__REQUIREMENT__:
Look for the line with "Regal Flame 8" in the data below, then reproduce word for word that line and every line after it. Leave out all pictures and add nothing.

__DATA__:
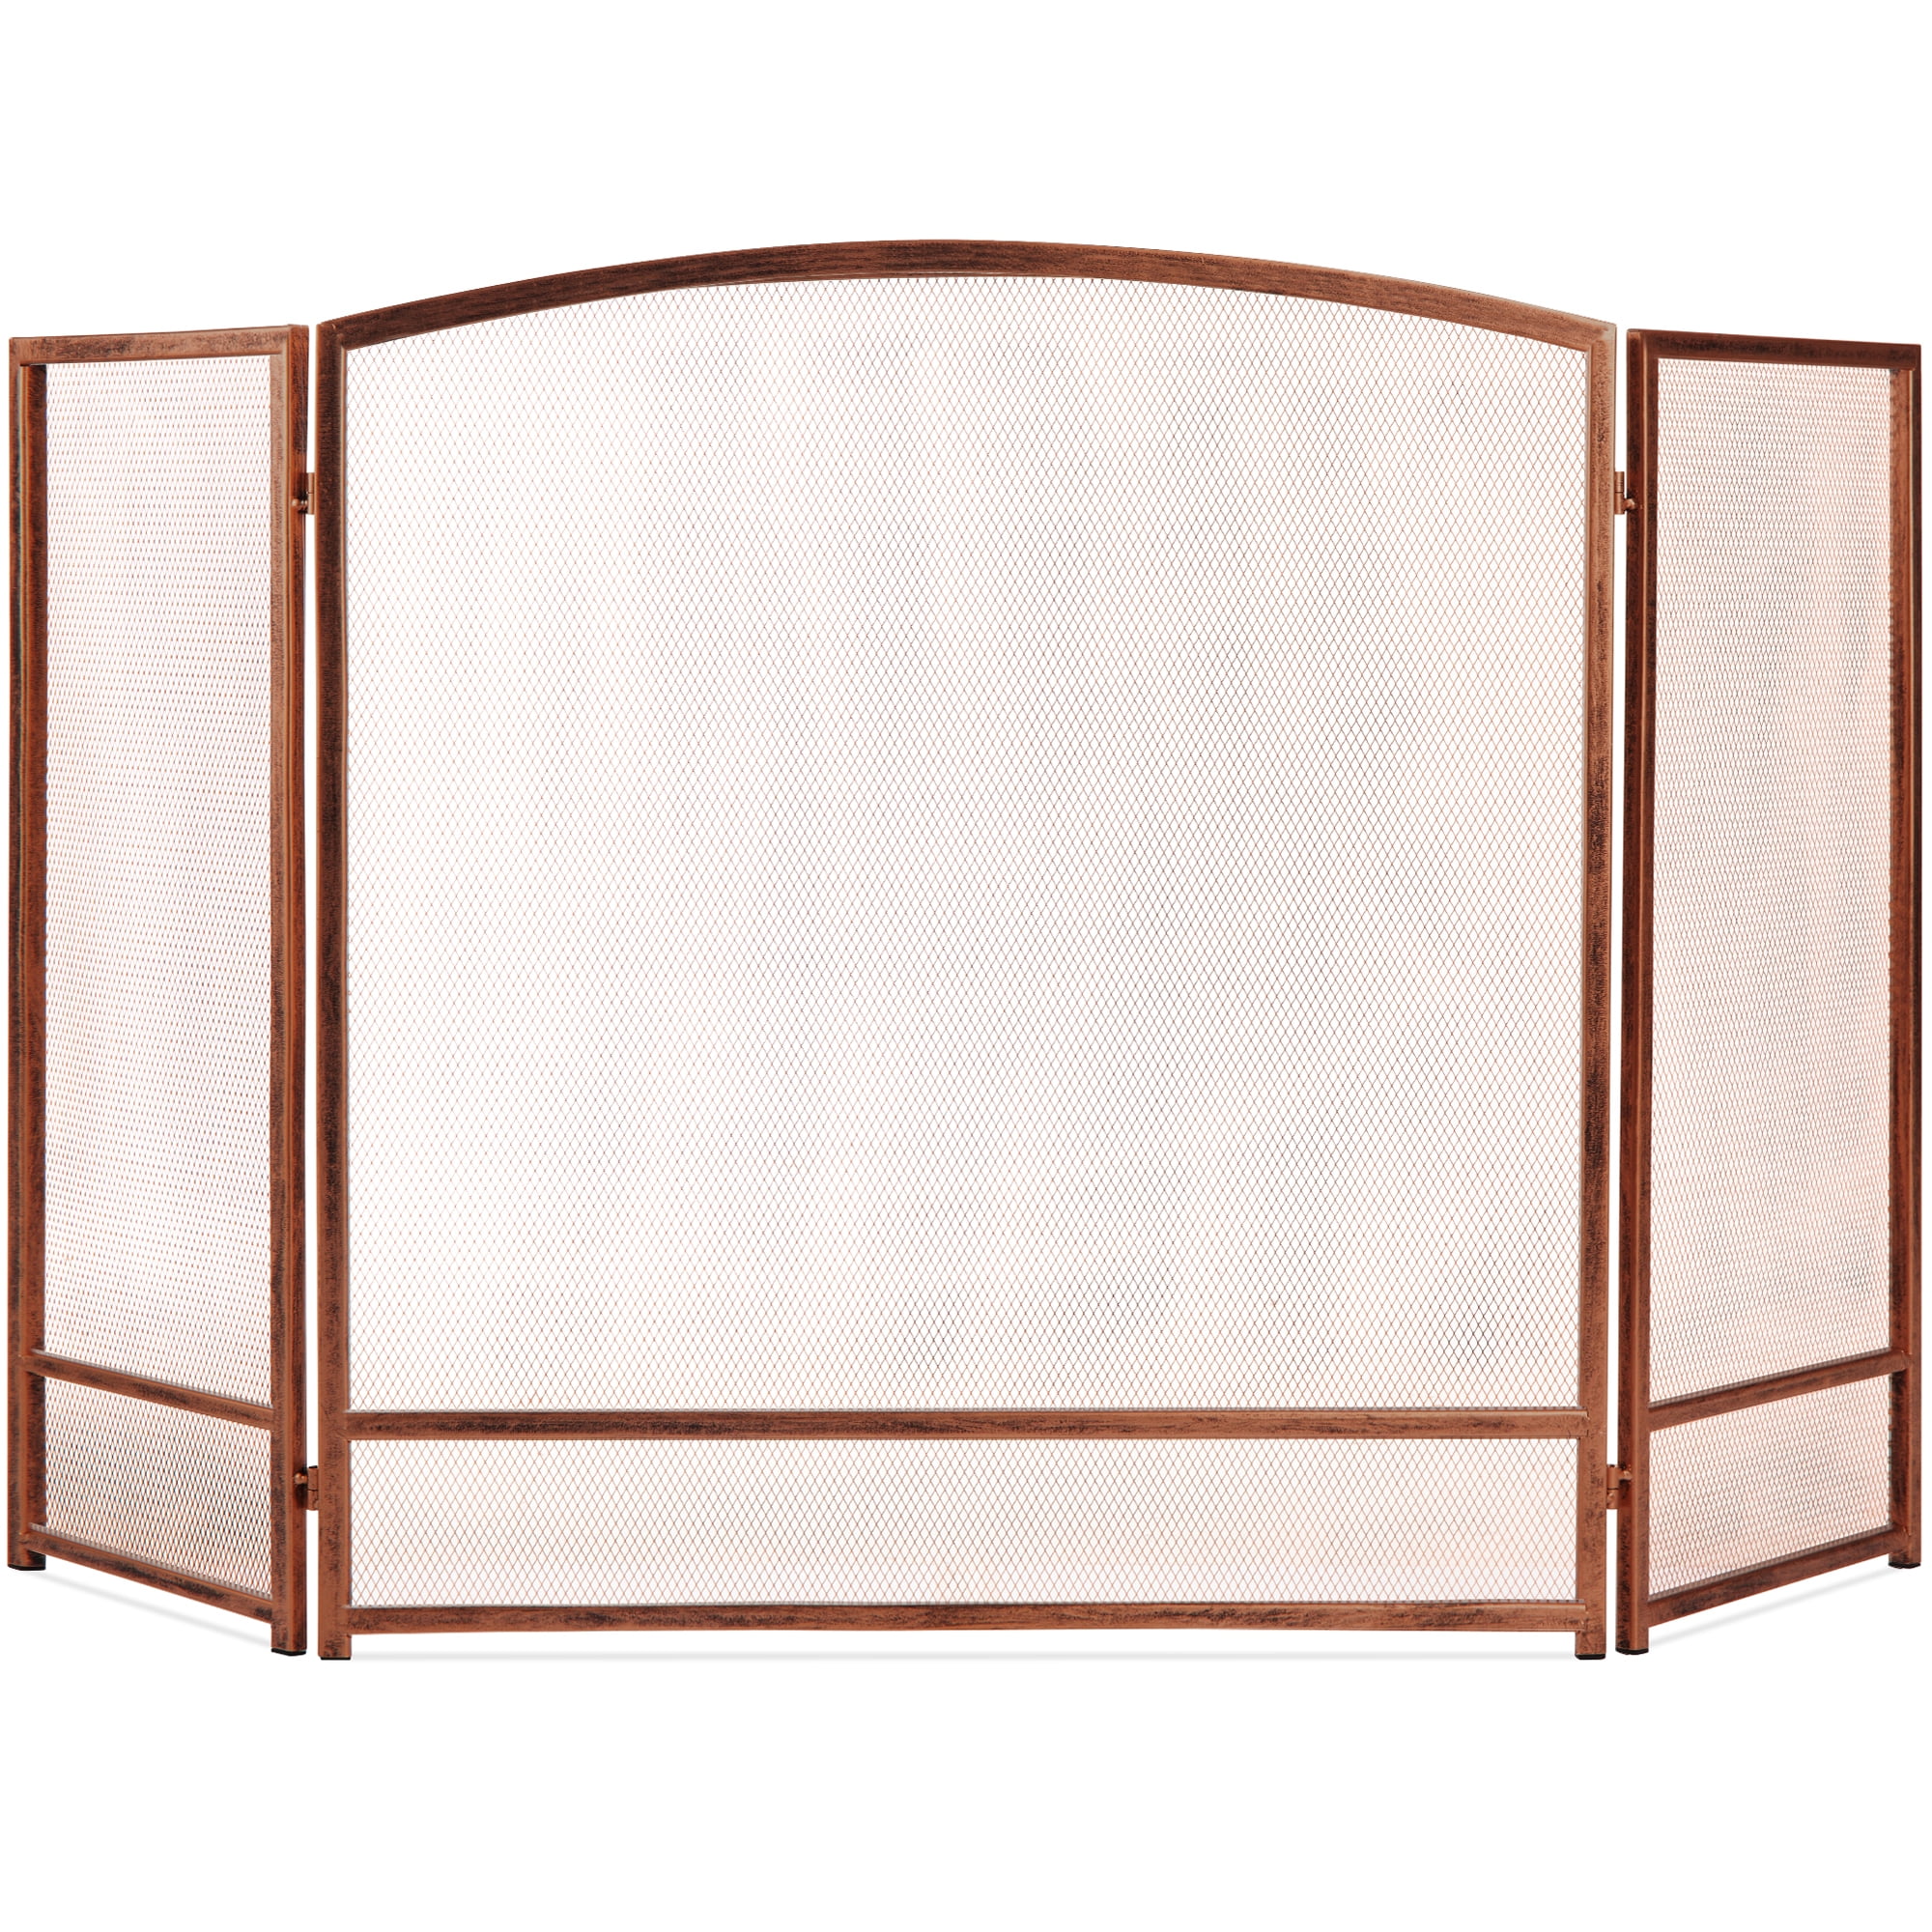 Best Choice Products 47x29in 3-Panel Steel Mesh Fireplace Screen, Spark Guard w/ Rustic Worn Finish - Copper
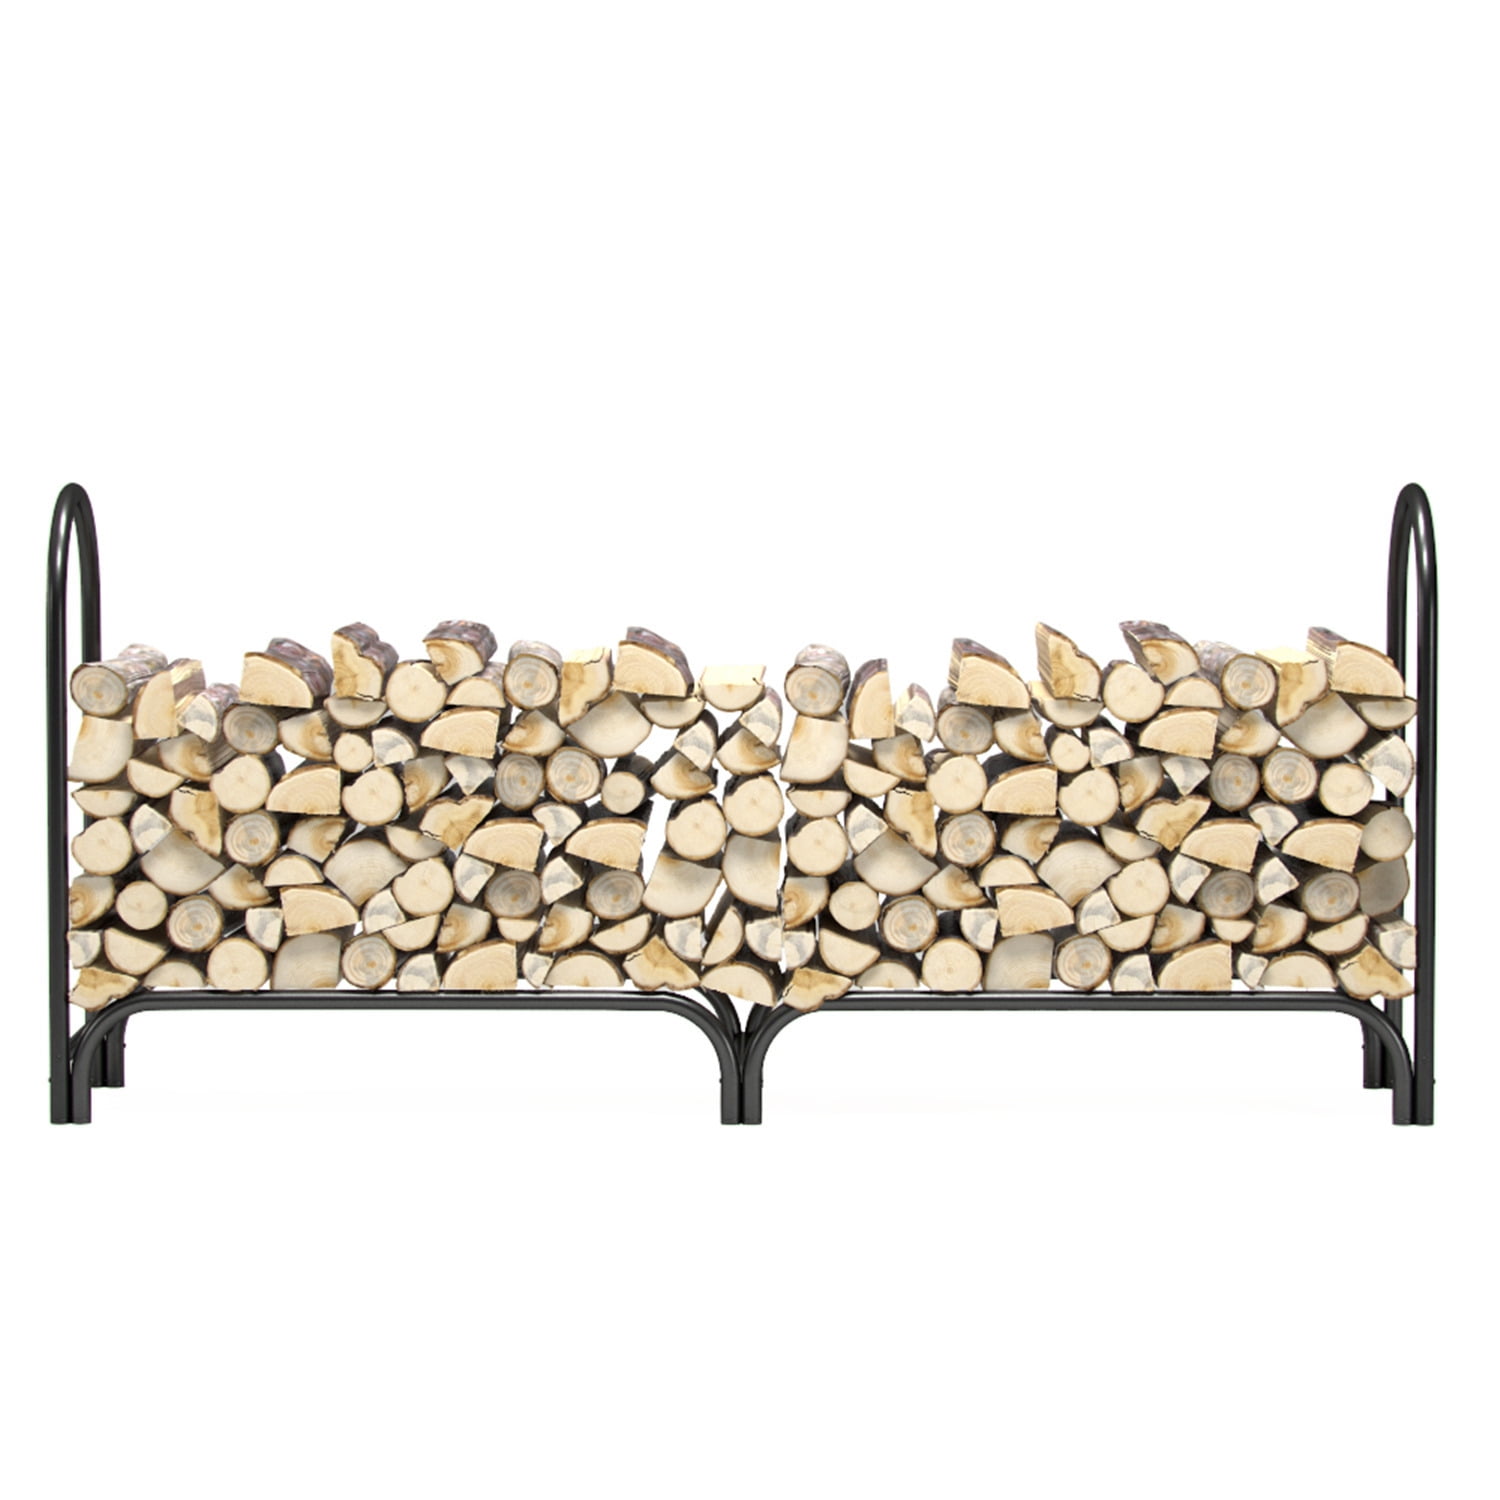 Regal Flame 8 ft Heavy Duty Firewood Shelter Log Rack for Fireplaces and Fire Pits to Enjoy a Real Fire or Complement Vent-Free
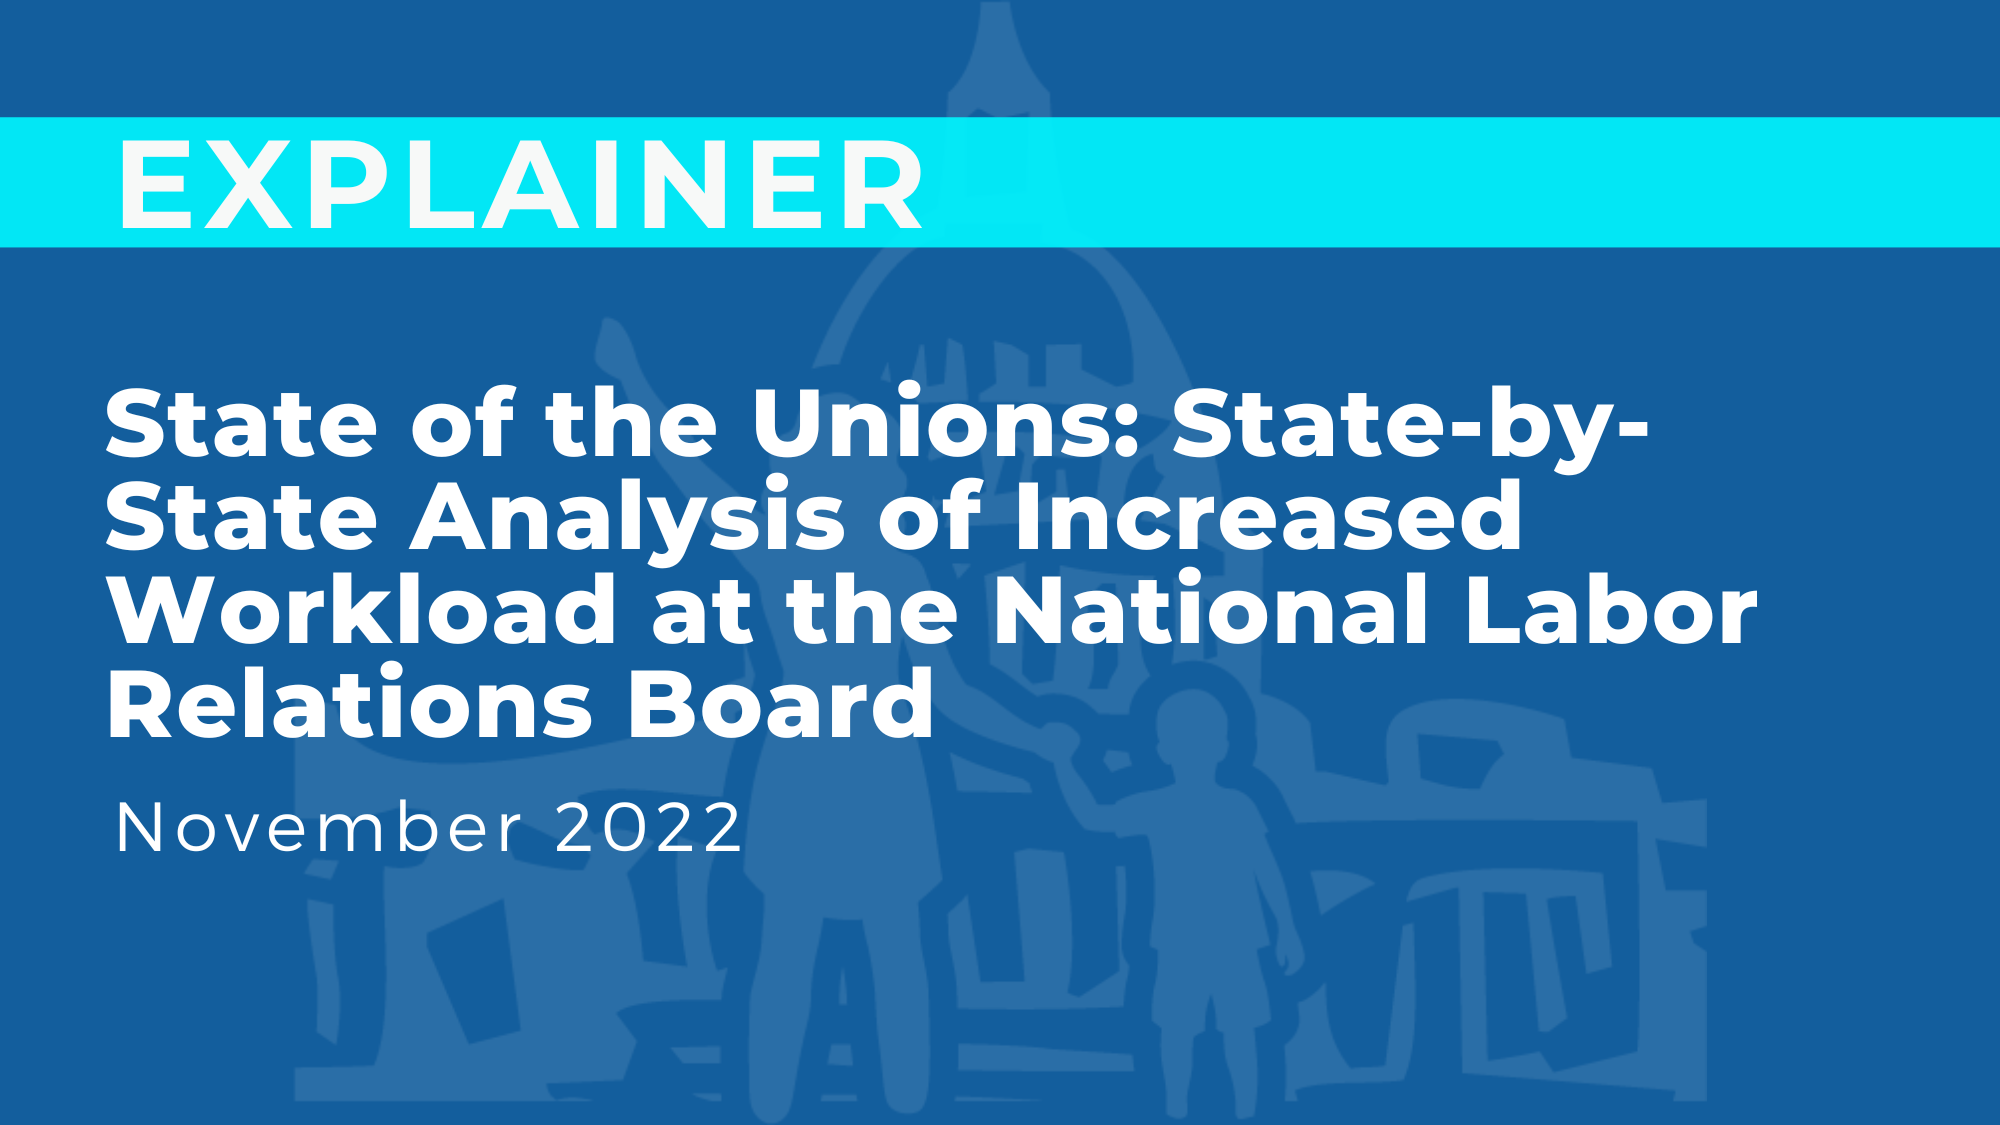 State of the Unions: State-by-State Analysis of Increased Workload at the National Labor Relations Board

__ANSWER TO THE EXERCISE__:
 Regal Flame 8 ft Heavy Duty Firewood Shelter Log Rack for Fireplaces and Fire Pits to Enjoy a Real Fire or Complement Vent-Free
 State of the Unions: State-by-State Analysis of Increased Workload at the National Labor Relations Board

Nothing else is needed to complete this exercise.